Modern vehicles use high-octane gasoline instead of gasoline so that these smaller coils wouldn’t be strong enough.

An ignition coil is attached to the spark plug, which triggers an electromagnetic response when necessary. The spark plug sends an electrical current to the spark gap and causes ionization.

Should I Replace Ignition Coils with Spark Plugs?

It depends. 

Spark plugs and ignition coils are closely related. The one that fails will cause the other to stop working correctly. 

Spark plugs are the most commonly replaced component in conjunction with ignition coils. Worn-out spark plugs can put unnecessary strain on the coils. There is also a possibility of overlap in labor costs. It is a good idea to replace both the spark plugs and ignition coils if they fail.

However, your spark plugs don’t need to be replaced unless you have signs of failure. 

Replacing the ignition coil or spark plug wires is a good idea if they are damaged or worn out. To prevent moisture damage to the ignition coils (such as oil leaks), it is crucial to address the source of the moisture immediately.

WHEELSCRIBE recommends contacting a mechanic immediately if you have ignition coil problems.
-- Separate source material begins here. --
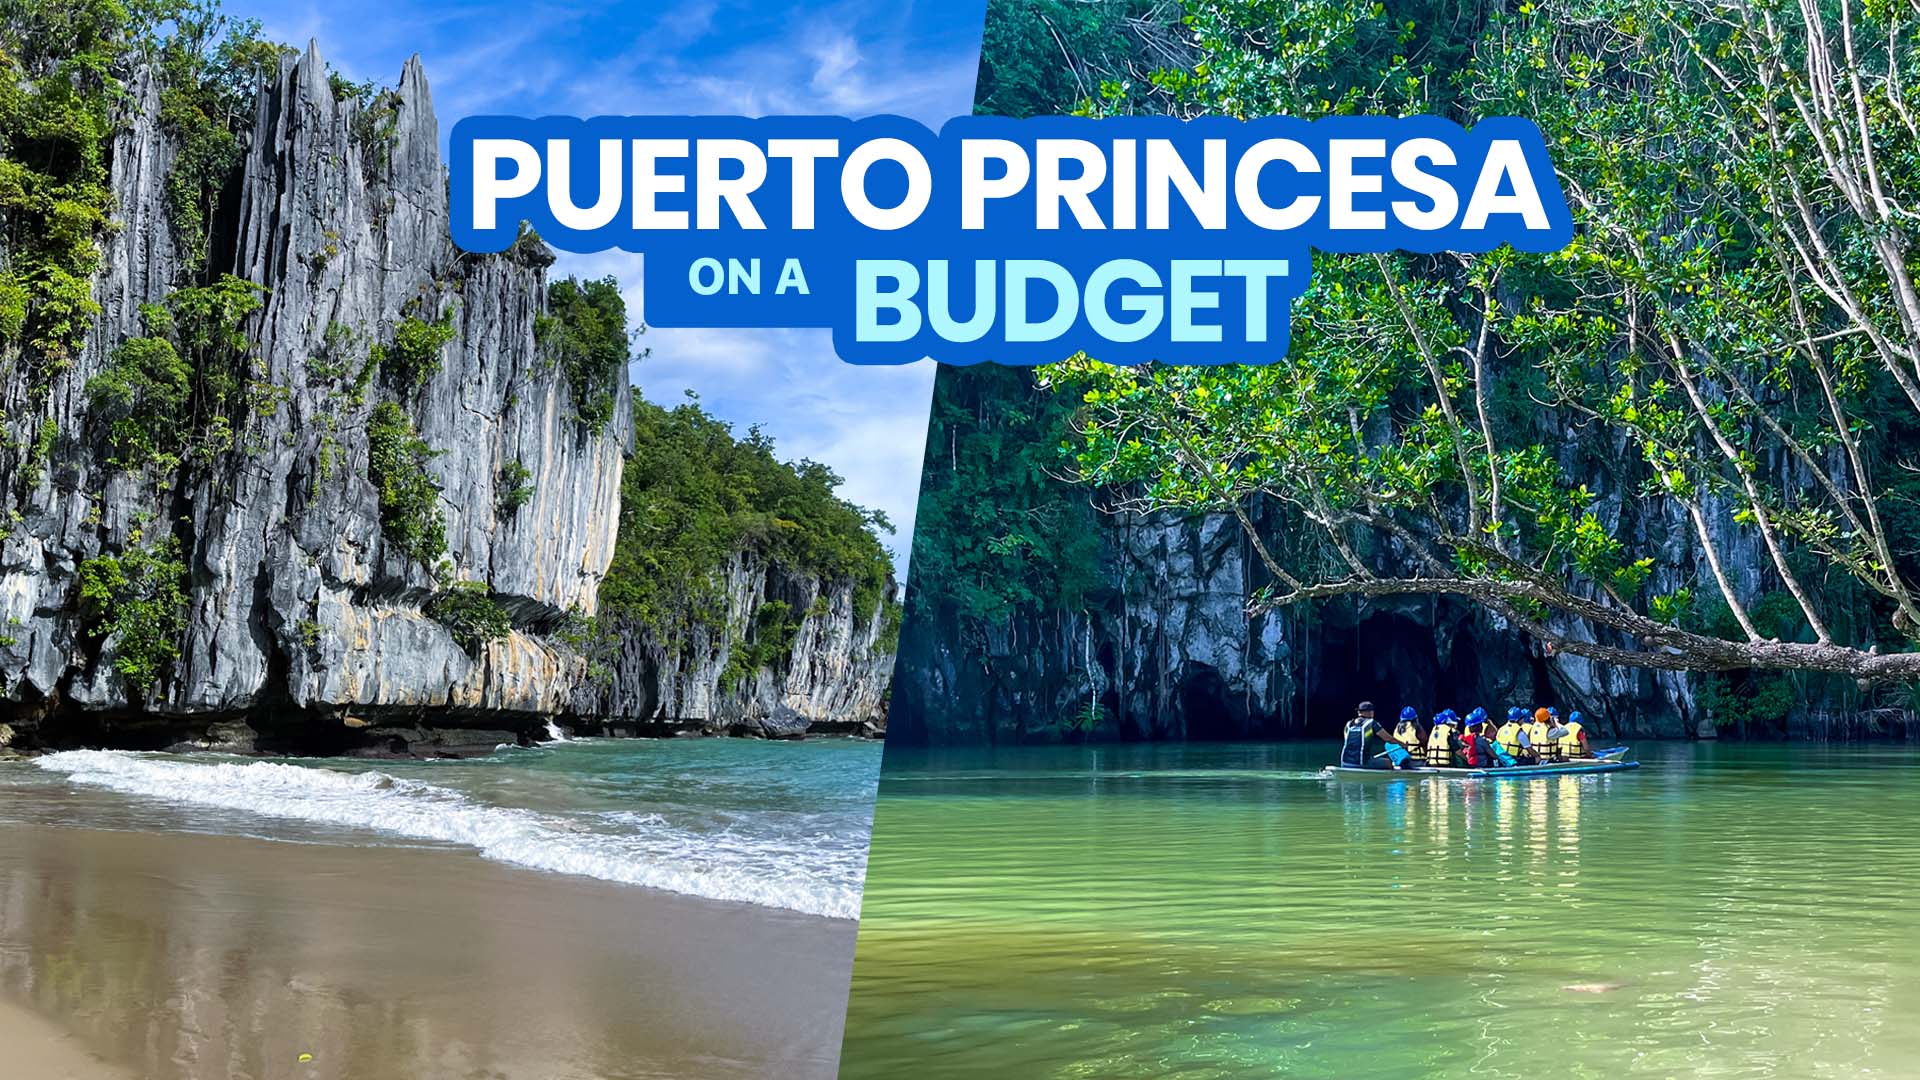 2022 PUERTO PRINCESA TRAVEL GUIDE with Requirements, Sample Itinerary & Budget

Let your mechanic inspect your vehicle and determine if your spark plugs need to be replaced or not.

Cost of Replacing Ignition Coils

Simple coil-on-plugs can cost as little as $100, while a cassette-style system could run up to $1000. The cost of an ignition coil depends on the coil style and the difficulty of access.

What If You Don’t Replace an Ignition Coil?

Vehicles with one or more defective ignition coils can have poor power, run poorly, or not at all. A misfiring engine can also cause damage to the oxygen sensors and catalytic converters. This is due to unburned fuel getting into the exhaust system.

If your ignition coils are not working correctly, you should stop driving your vehicle. You could endanger your engine by driving a vehicle that has failed ignition coils.